All hope has now been given up for the two Trentonians, and it is almost certain that they went down with the great liner and are at the bottom of the sea.
F. W. Roebling, jr., and Karl G. Roebling, cousins of Washington A. Roebling, 2d, and William J. Blackwell and Henry C. Blackwell, brothers of Stephen W. Blackwell, left here for New York yesterday morning.
They secured the necessary passes allowing them to enter the Cunard pier and were there early last evening among thousands of other anxious ones waiting for the Carpathia to arrive. As the survivors walked slowly from the big vessel to the pier or were assisted down the elevators by friends they were eagerly scanned by heartbroken relatives.

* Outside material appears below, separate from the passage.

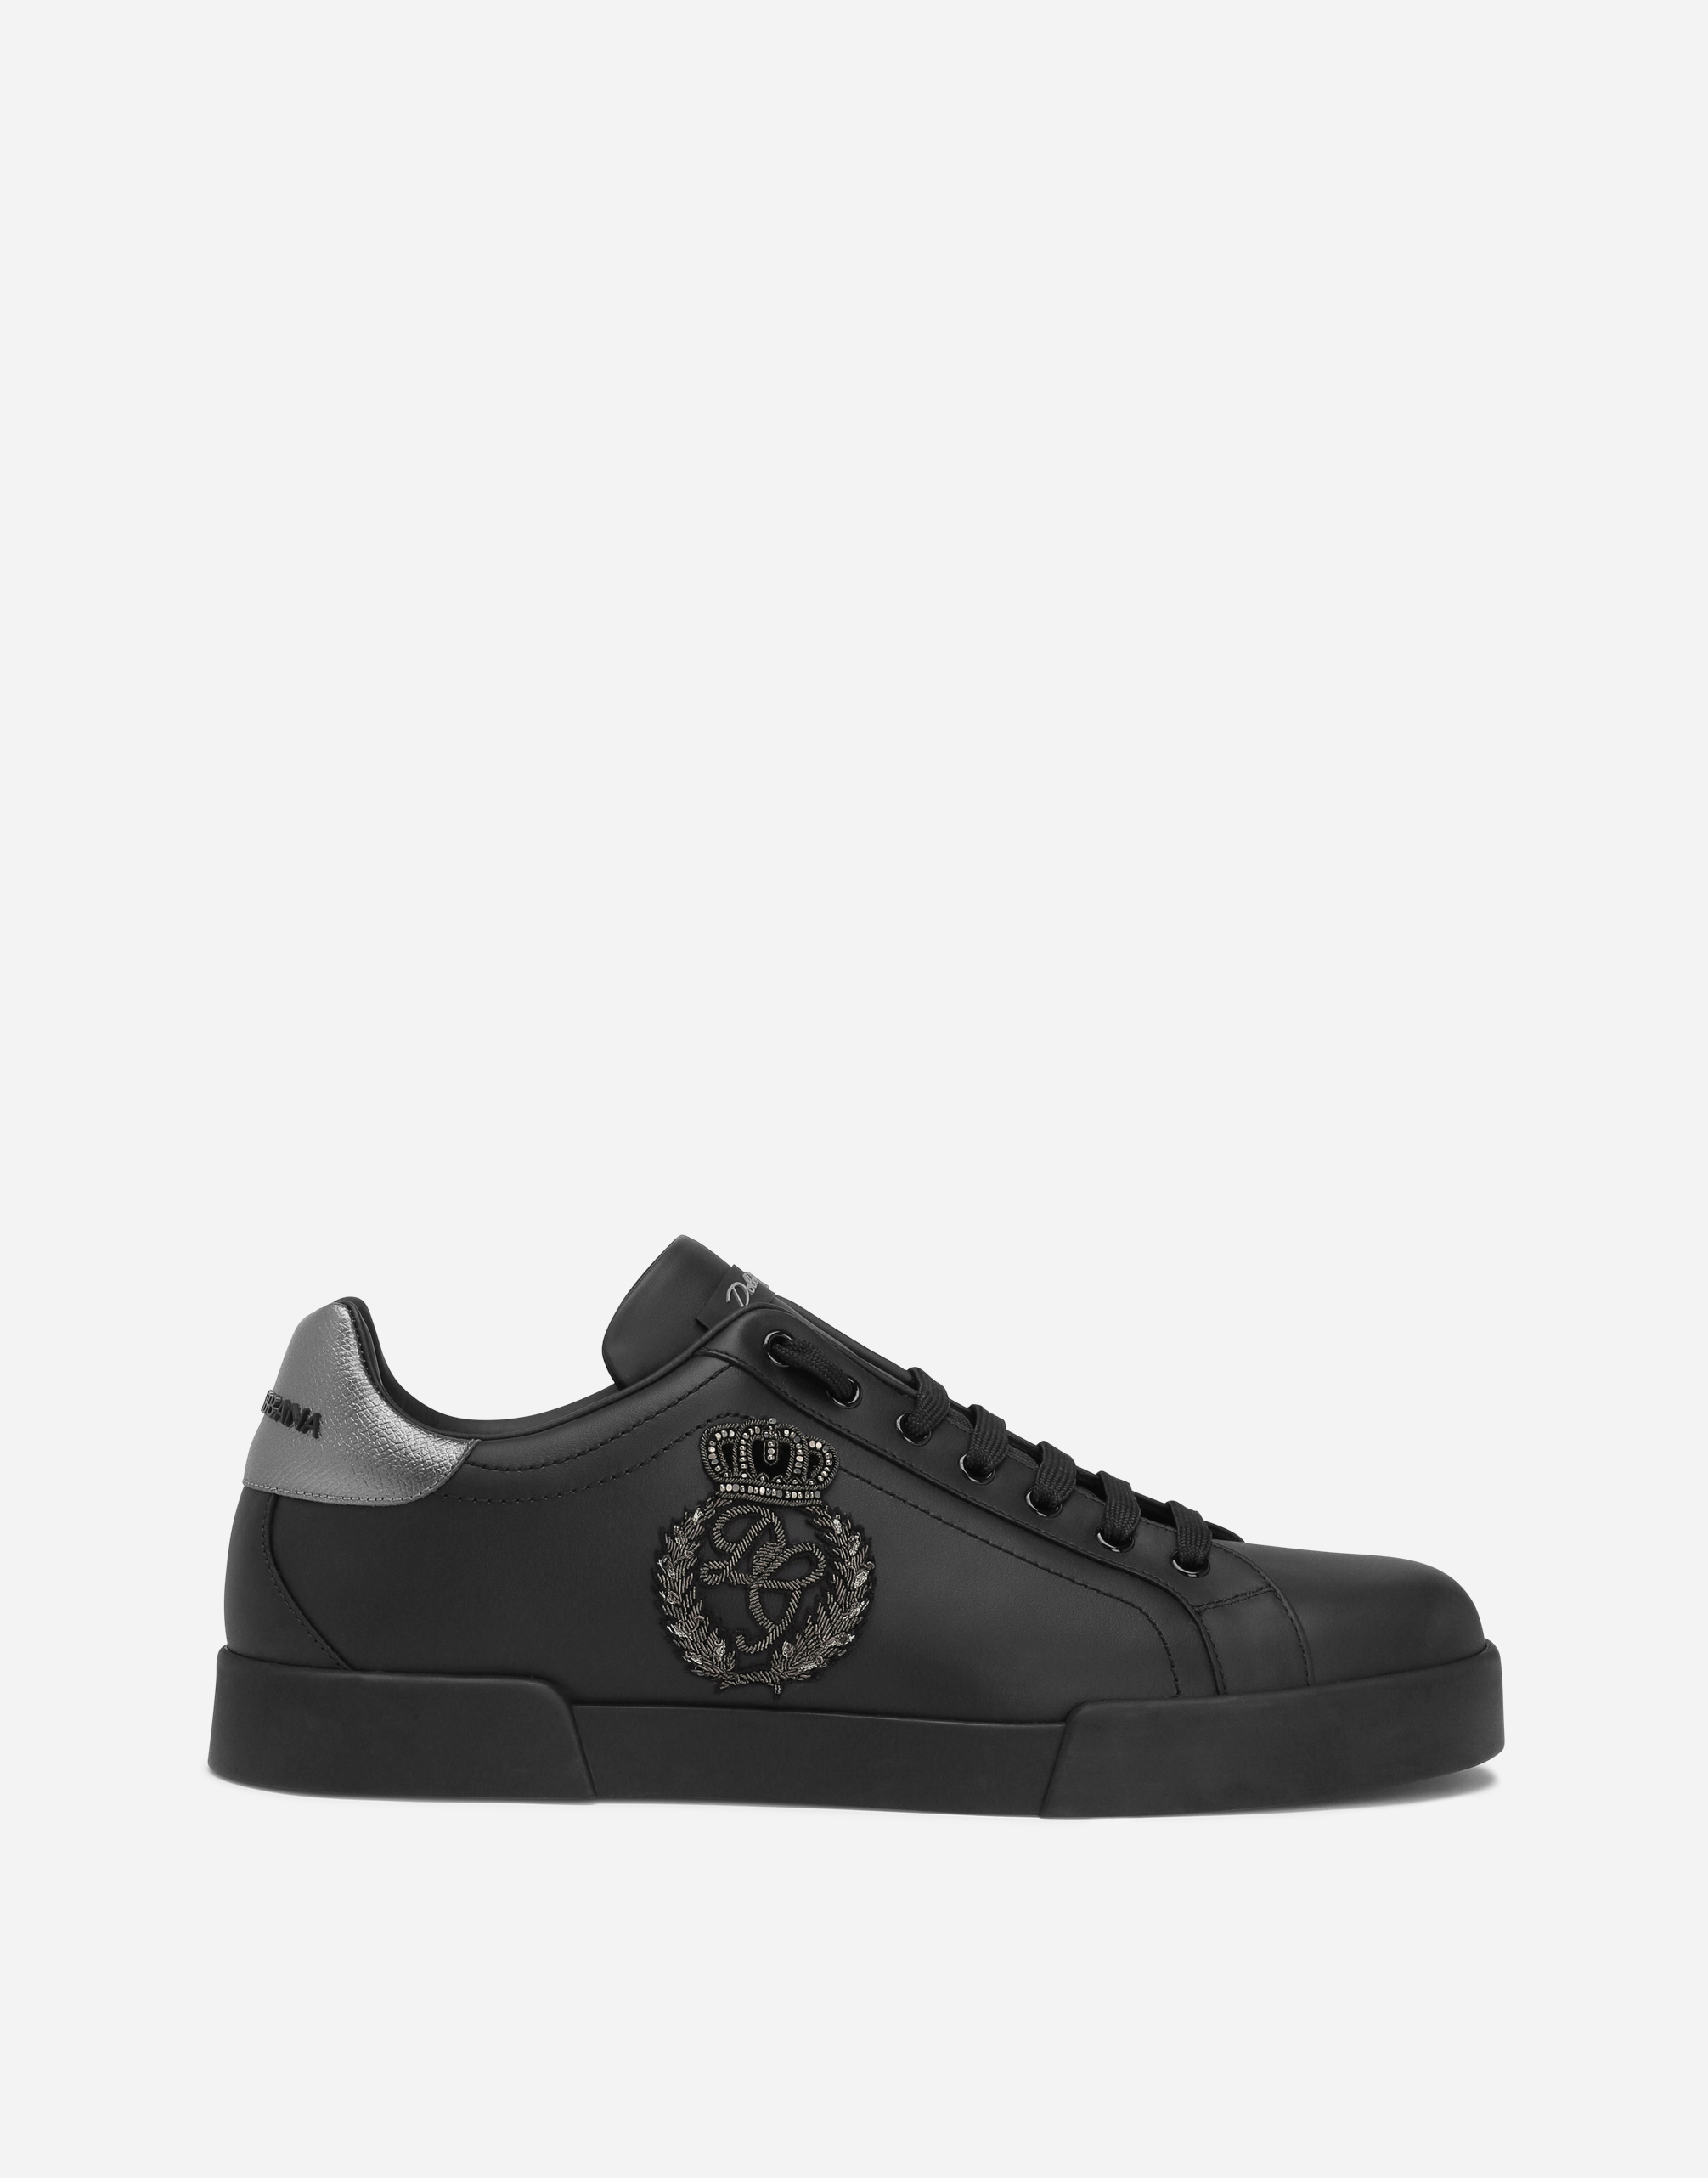 Dolce & Gabbana Calfskin Nappa Portofino Sneakers With Crown Patch In Black/silver

When the last ones had left the vessel, Messrs. Roebling and Blackwell turned away, disappointed, and returned to the Waldorf-Astoria, where they remained for the night. The members of the Bonnell family, of Youngstown, O., accompanied Mr. Roebling and Mr. Blackwell to Europe. Miss Caroline Bonnell, the only one of the family to be rescued, was too nervous to be seen when she left the ship. She will talk with the Roeblings to-day at the Waldorf and give what information she can.

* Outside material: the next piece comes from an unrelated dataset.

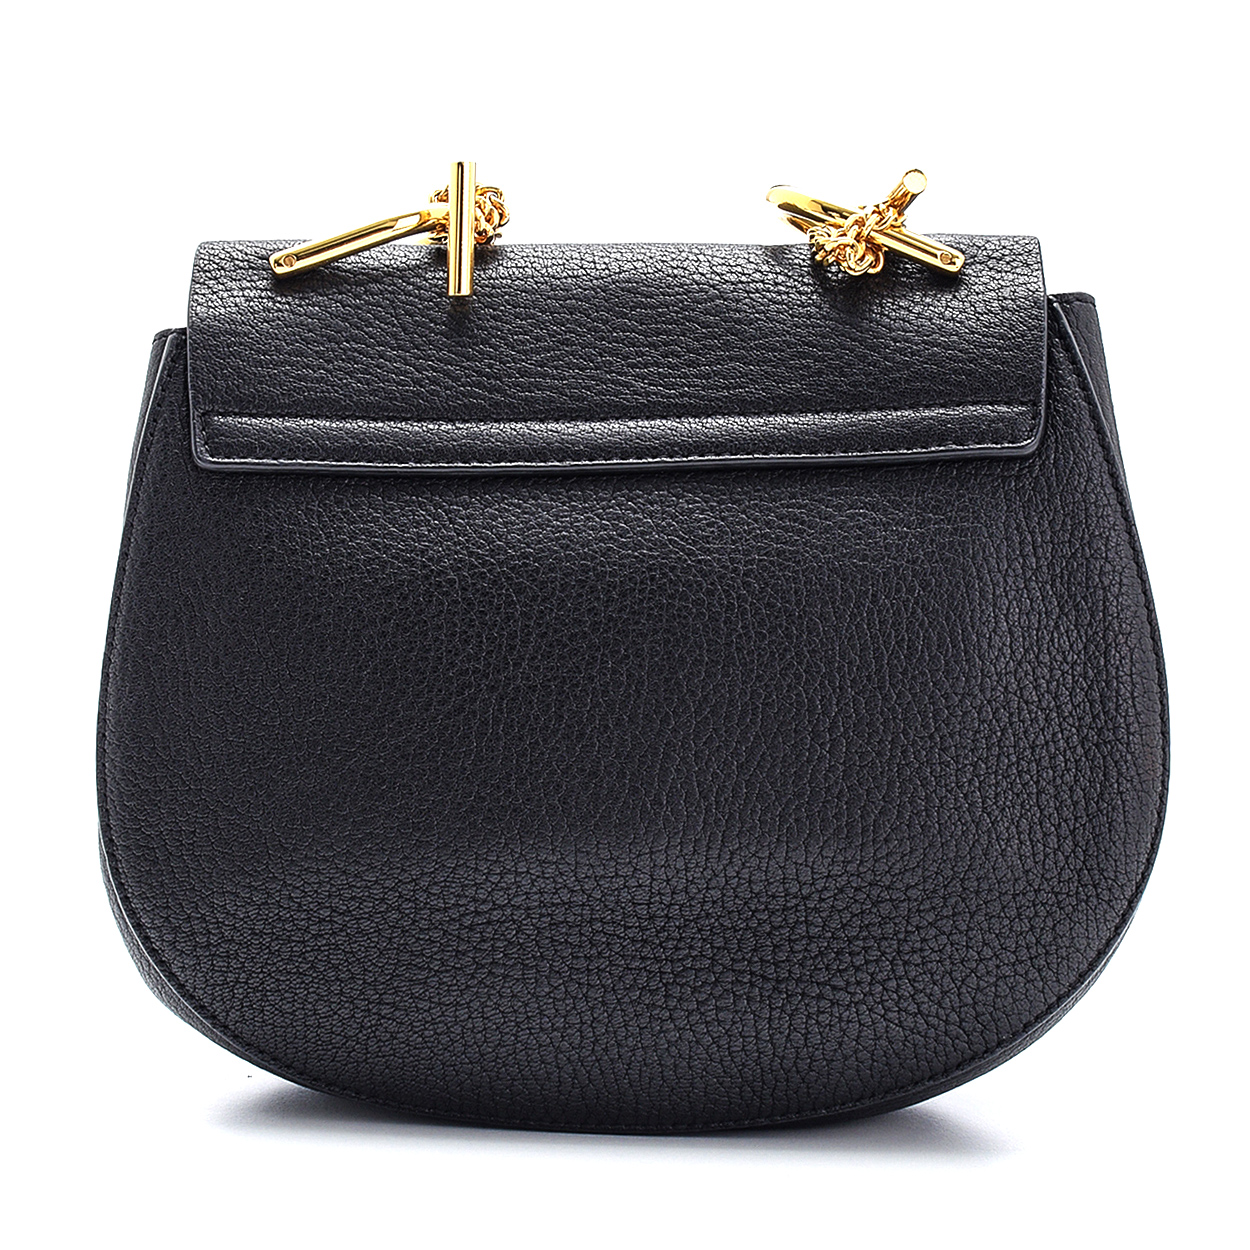 Chloe - Black Grained Calfskin Leather Medium Drew Bag

A few days ago former Senator Jonathan Blackwell, father of Stephen W. Blackwell, received a letter from him. It was mailed just before he sailed from Europe. He spoke of having met the Bonnells on the boat.
Rose Stahl last evening telephoned to a relative of hers in this city that her manager, Henry B. Harris, went down with the Titanic, while his wife was saved.